Only the lines below from the one with "Un avion de" through the one with "Japanin Voller Blüte" are to be written out, exactly and without any images.

• _DATA FOR THE TASK_
━━━━━━━━━━━━━━━━━━━━

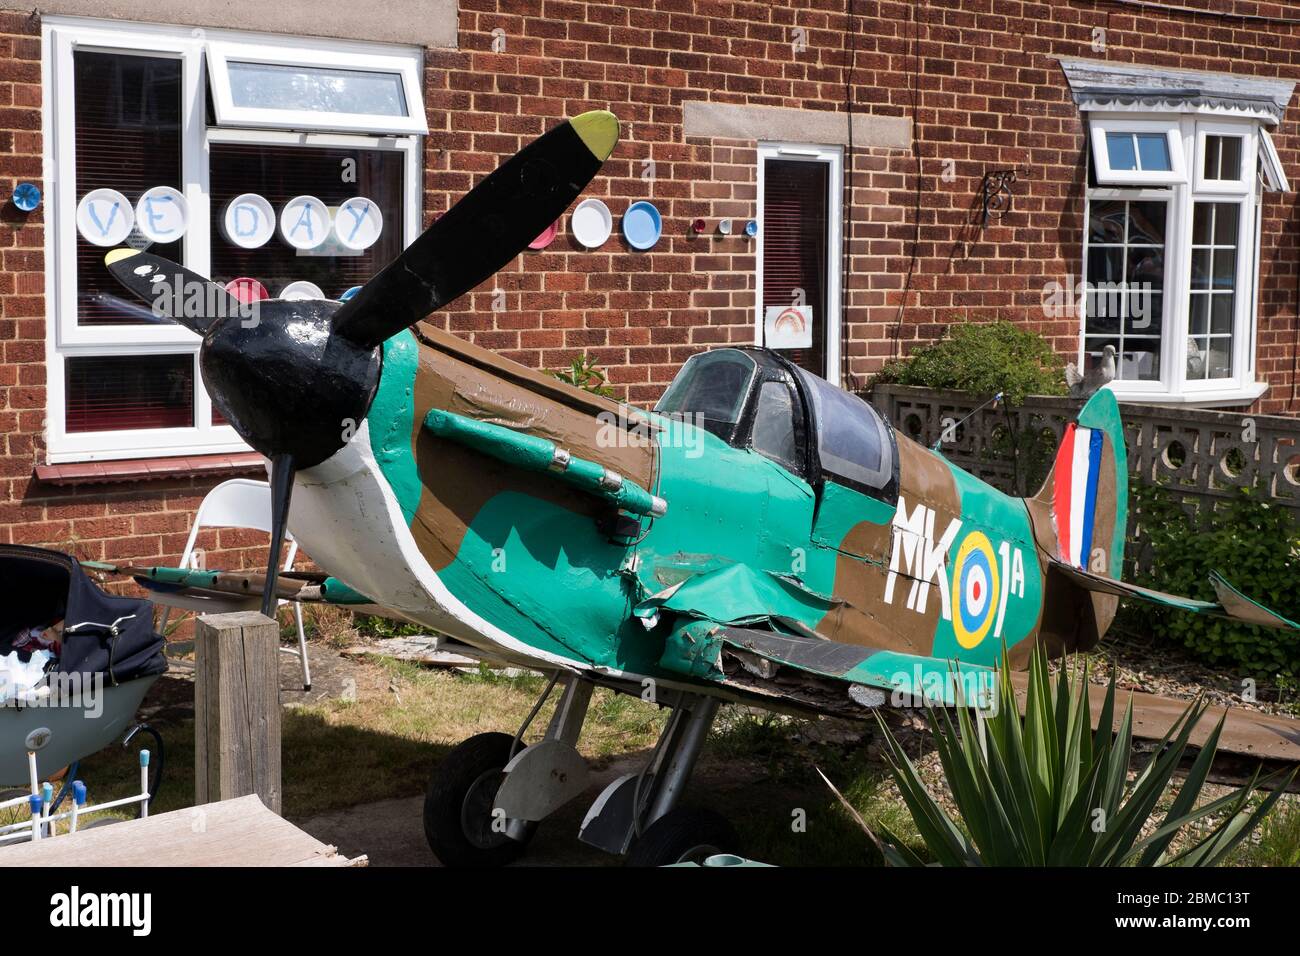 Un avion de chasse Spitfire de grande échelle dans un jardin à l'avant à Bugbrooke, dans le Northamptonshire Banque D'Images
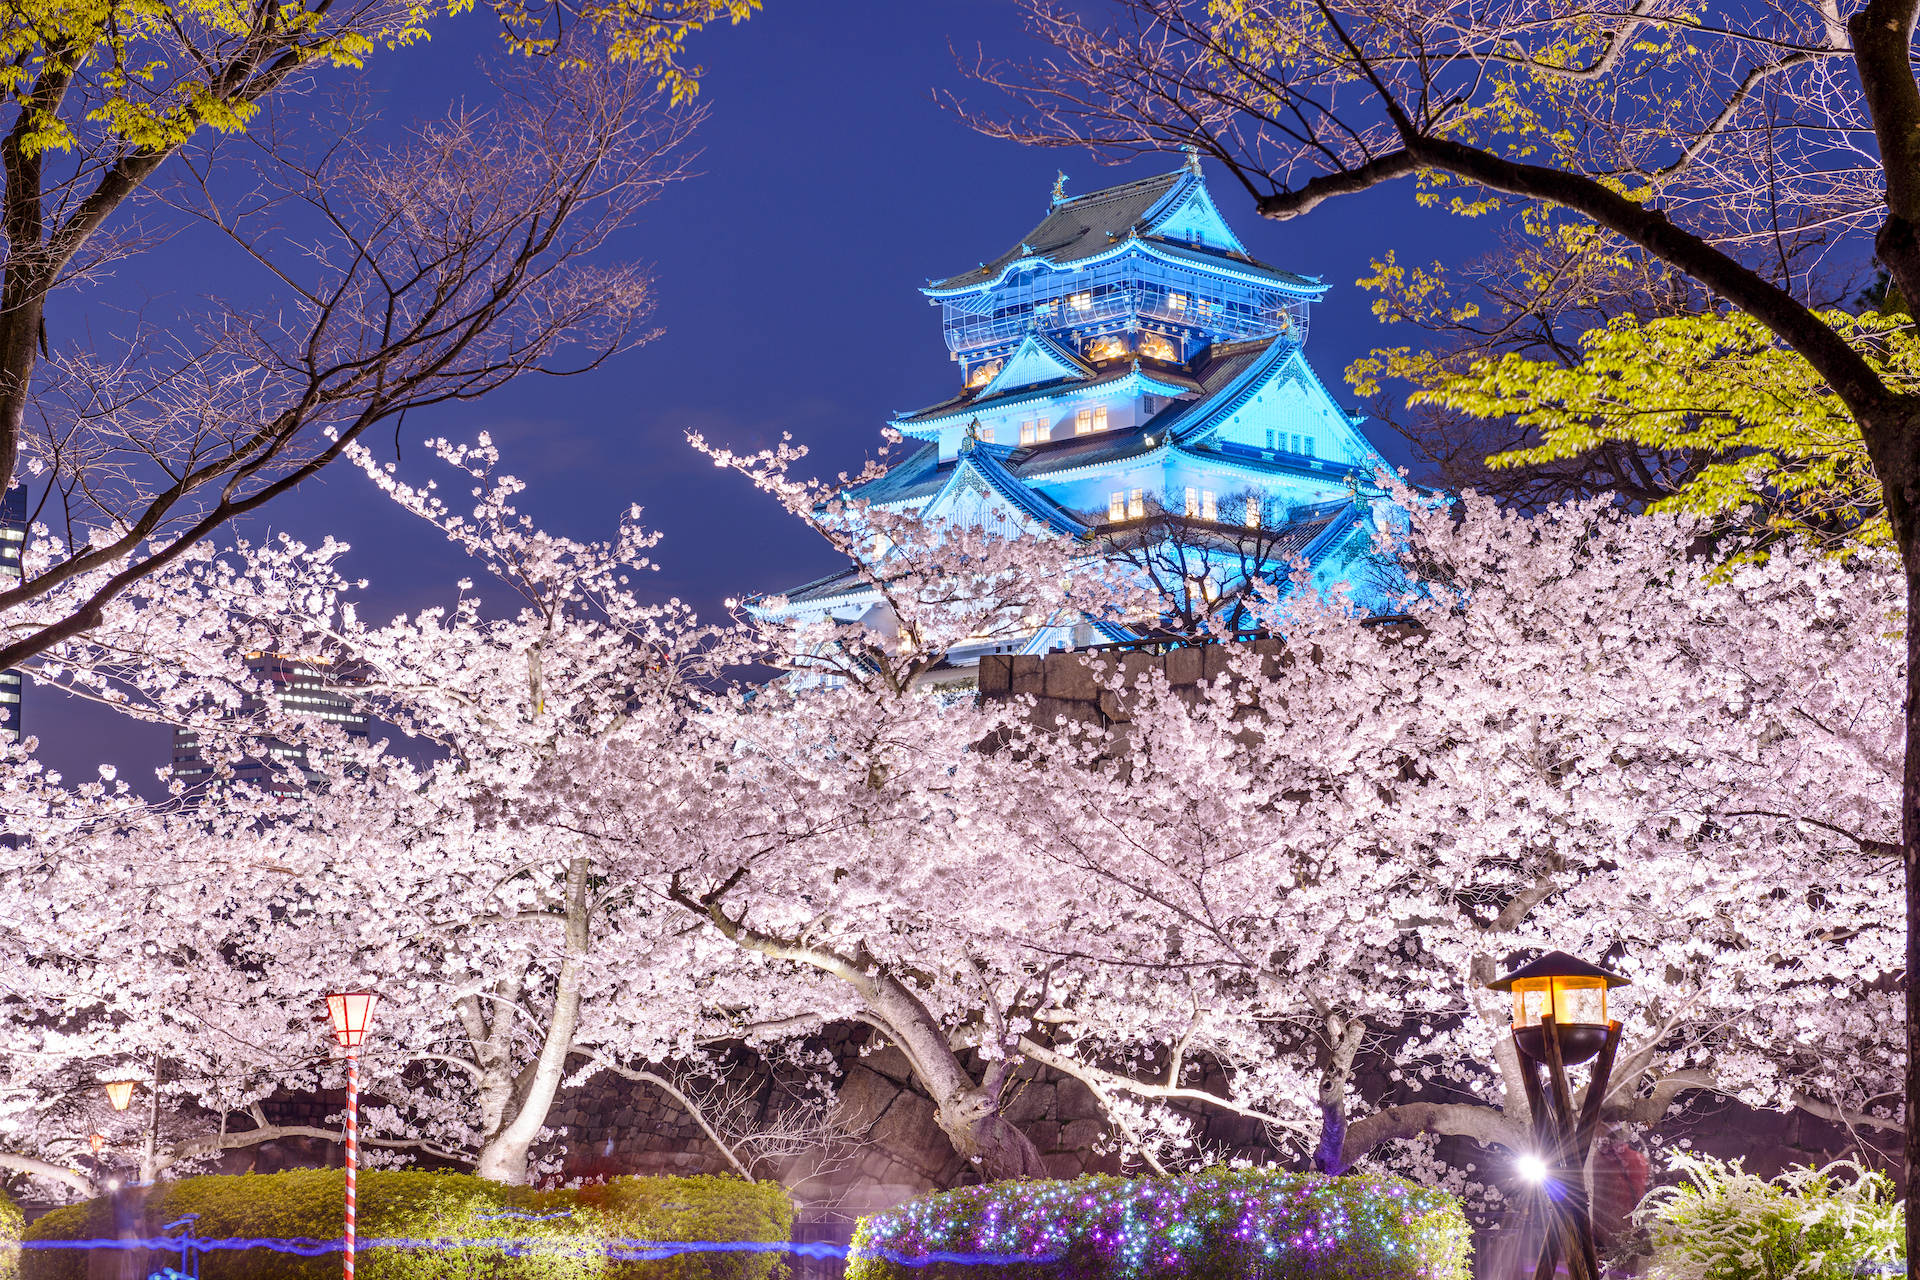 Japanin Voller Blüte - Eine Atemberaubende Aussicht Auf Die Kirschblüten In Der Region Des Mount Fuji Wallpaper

━━━━━━━━━━━━━━━━━━━━

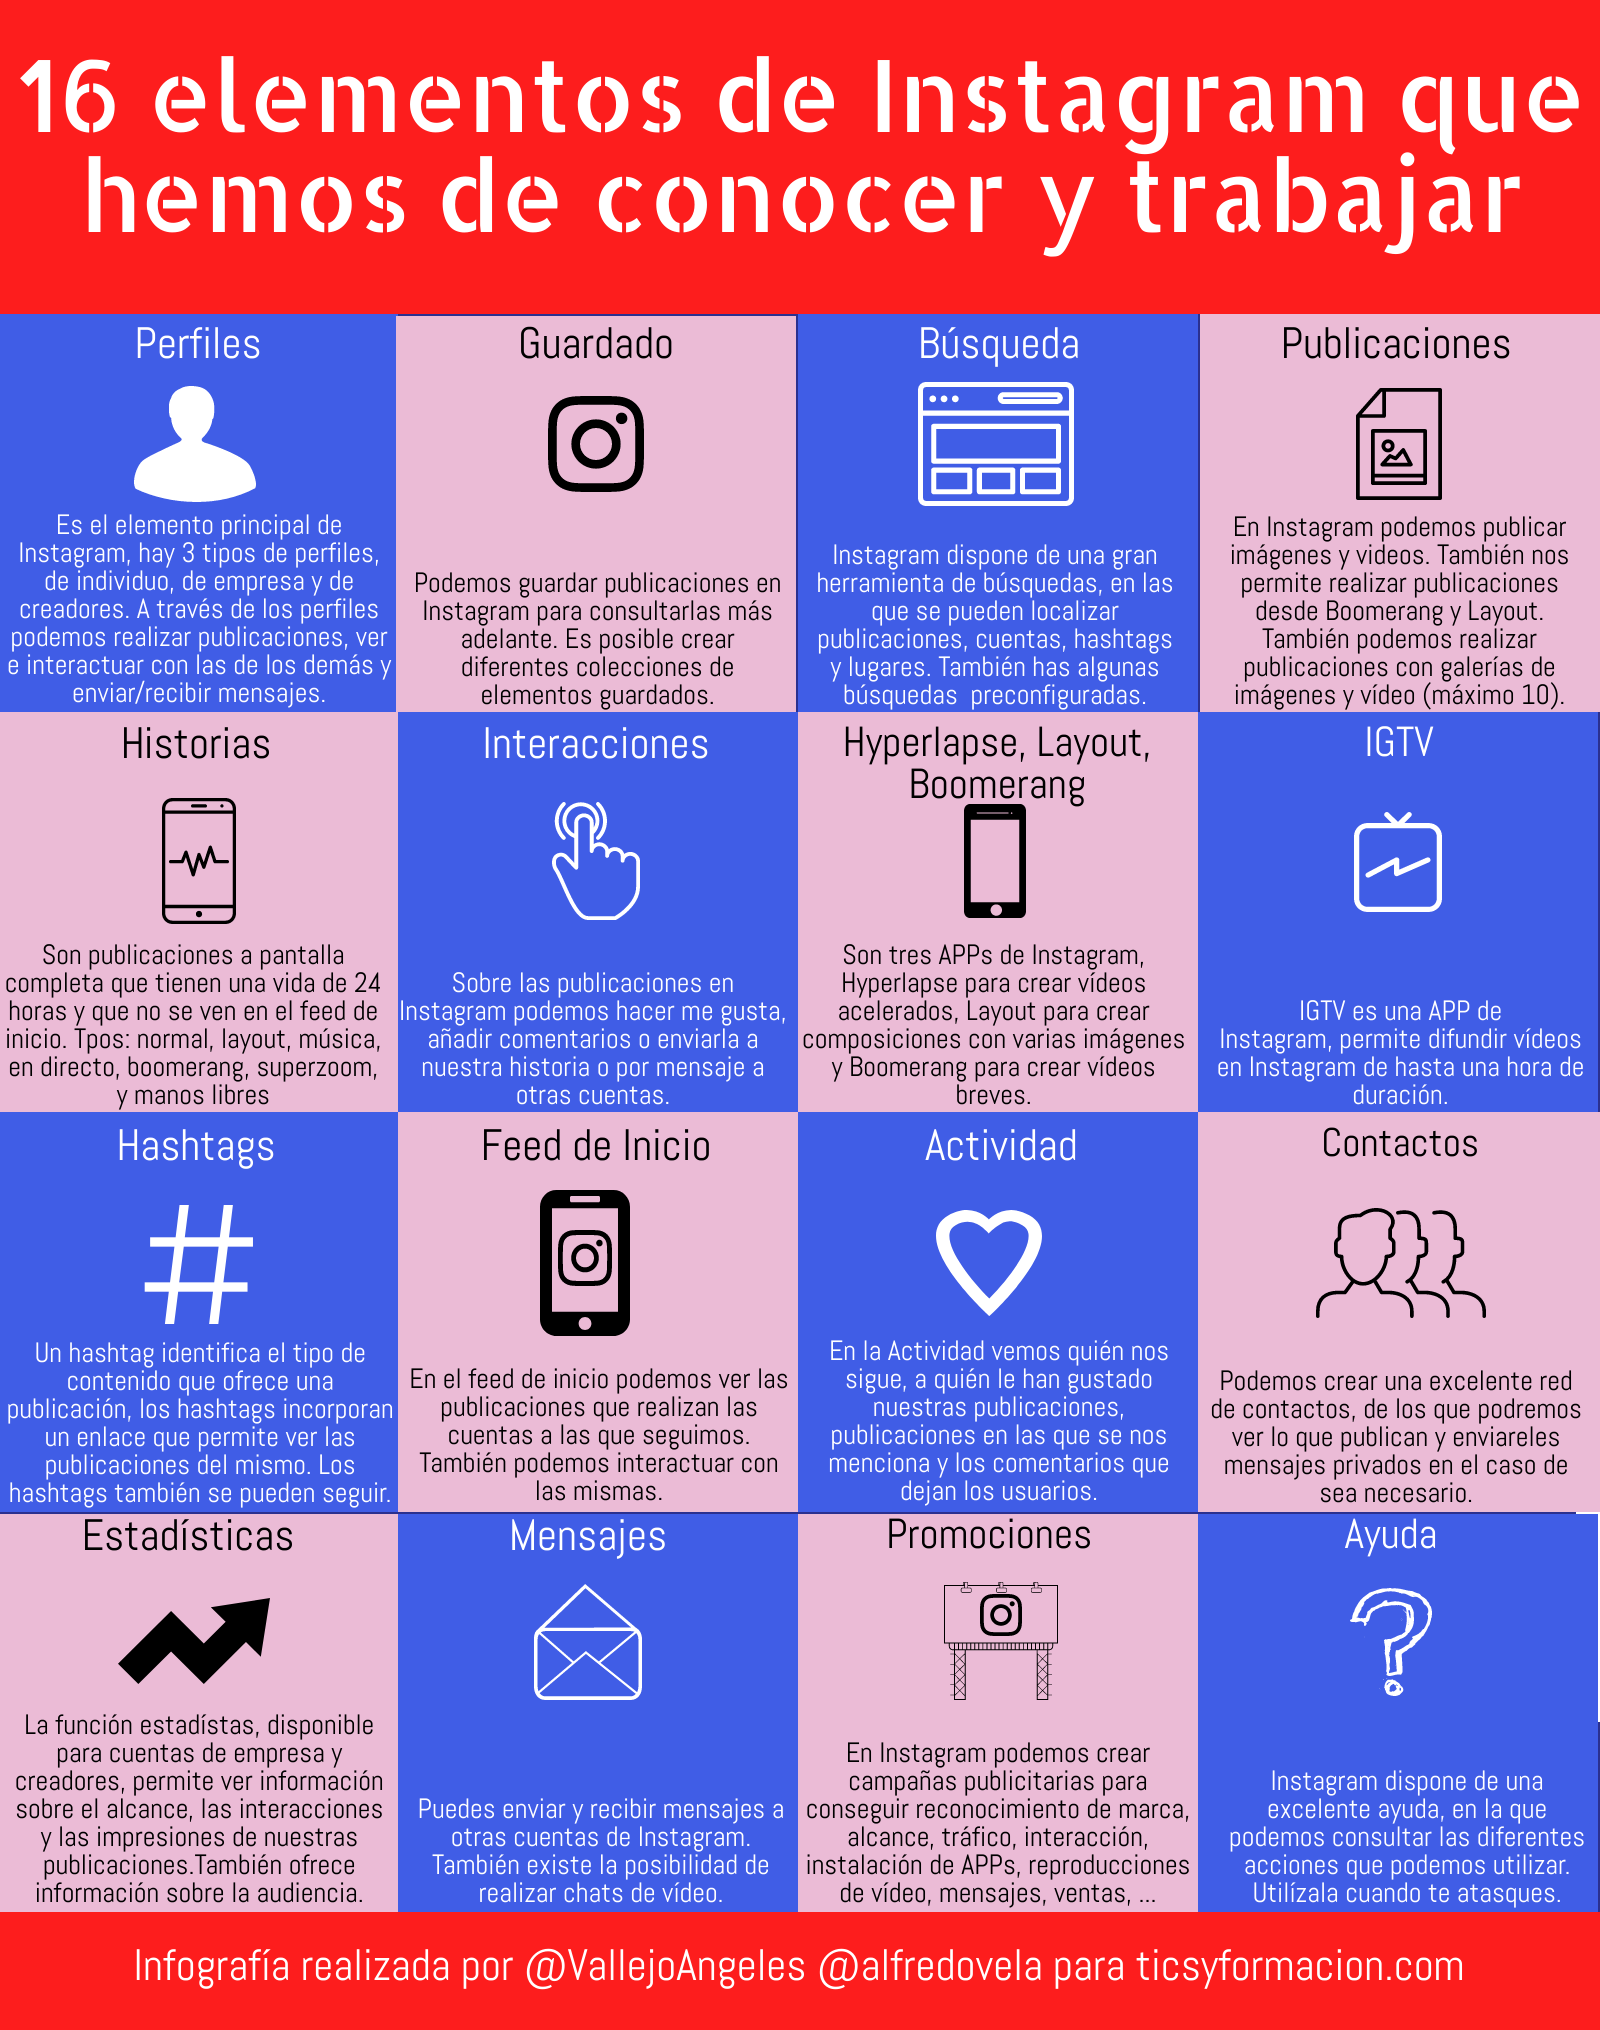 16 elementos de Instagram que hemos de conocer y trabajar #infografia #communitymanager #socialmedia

━━━━━━━━━━━━━━━━━━━━

• _WRITTEN ANSWER_
 Un avion de chasse Spitfire de grande échelle dans un jardin à l'avant à Bugbrooke, dans le Northamptonshire Banque D'Images
 Japanin Voller Blüte - Eine Atemberaubende Aussicht Auf Die Kirschblüten In Der Region Des Mount Fuji Wallpaper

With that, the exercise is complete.